Testing Blue Crab Management: Simulating the Present to Sustain the Future
This document summarizes a study that used the operating model approach to test the performance of blue crab benchmark assessments and management.
Description
The first scientific assessment of management goals for the Chesapeake Bay blue crab fishery was completed in 1997. Subsequent benchmark assessments occurred in 2005 and 2011, and this final benchmark assessment has been regularly updated with new data. However, the performance of these assessments has never been evaluated.

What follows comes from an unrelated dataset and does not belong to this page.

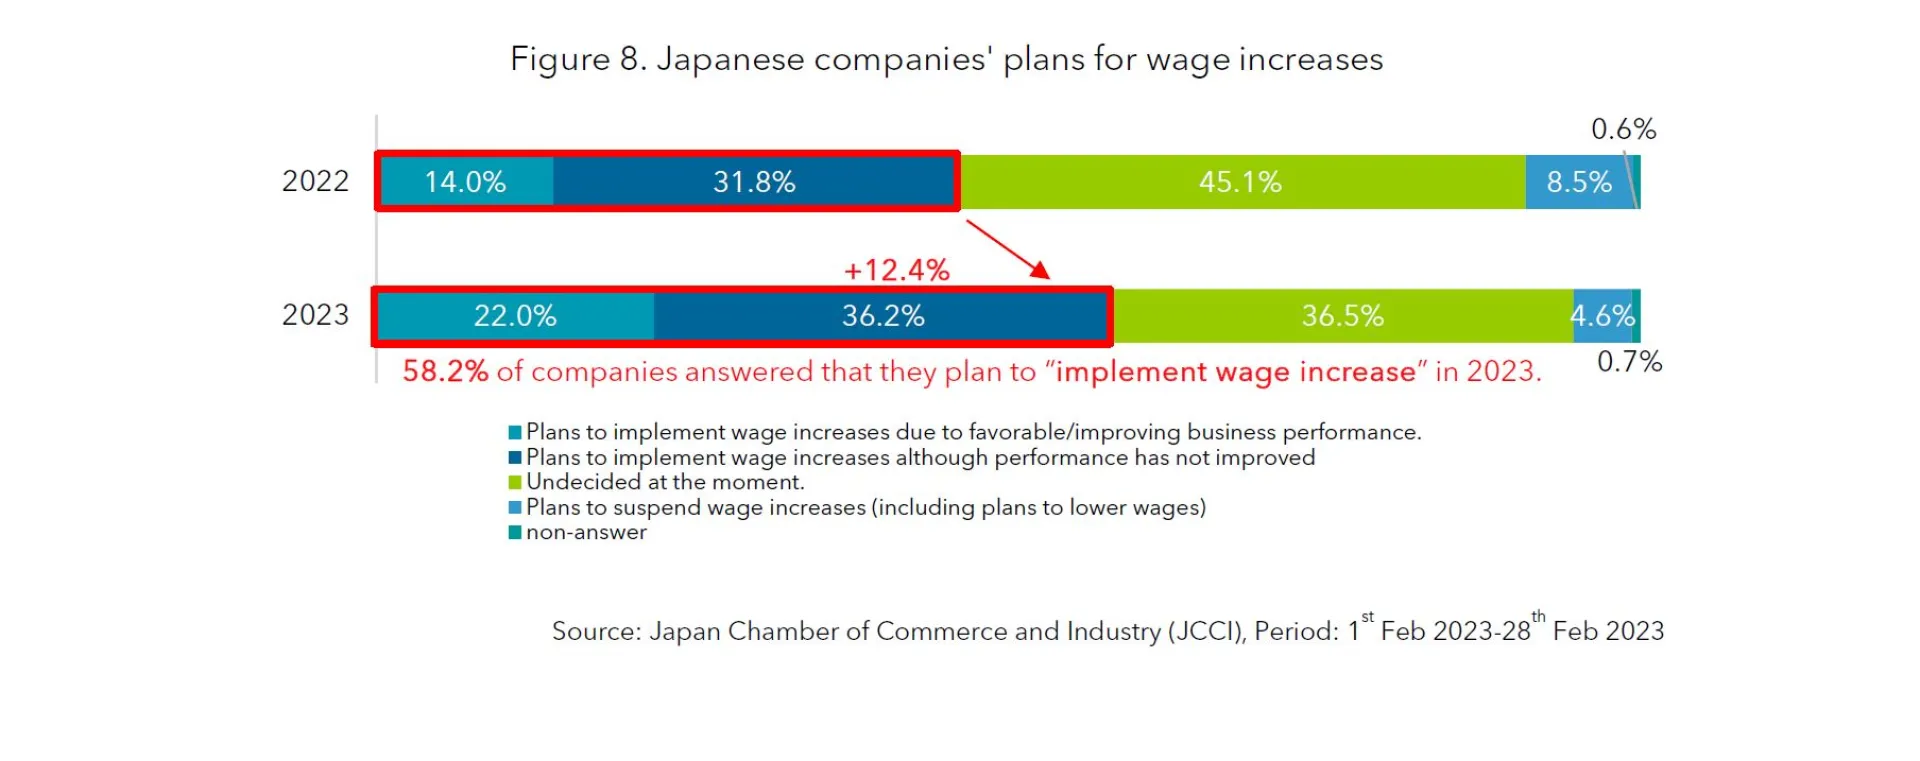 Figure 8 Japanese companies' plans for wage increases

Evaluating the performance of assessments is an essential element of modern fisheries management. Most often, this is achieved by using an operating model approach. This approach involves developing a population model of blue crab. The population model, also called the operating model, projects the patterns within a blue crab population when its dynamics are specified. Simply stated, we know the “true” values all of the key parameters in this model, including abundance, catch, as well as the rates of fishing and natural mortality. We then take statistical samples from this model, in much the same way as we take samples from the real blue crab population in the Bay. Next, we input the samples into the assessment model to estimate the population parameters. Comparing the population parameters estimated from the assessment model to the “true” values from the operating model allows us to assess the accuracy and precision of population parameters derived from the assessment model.
This document summarizes a study that used the operating model approach to test the performance of blue crab benchmark assessments and management.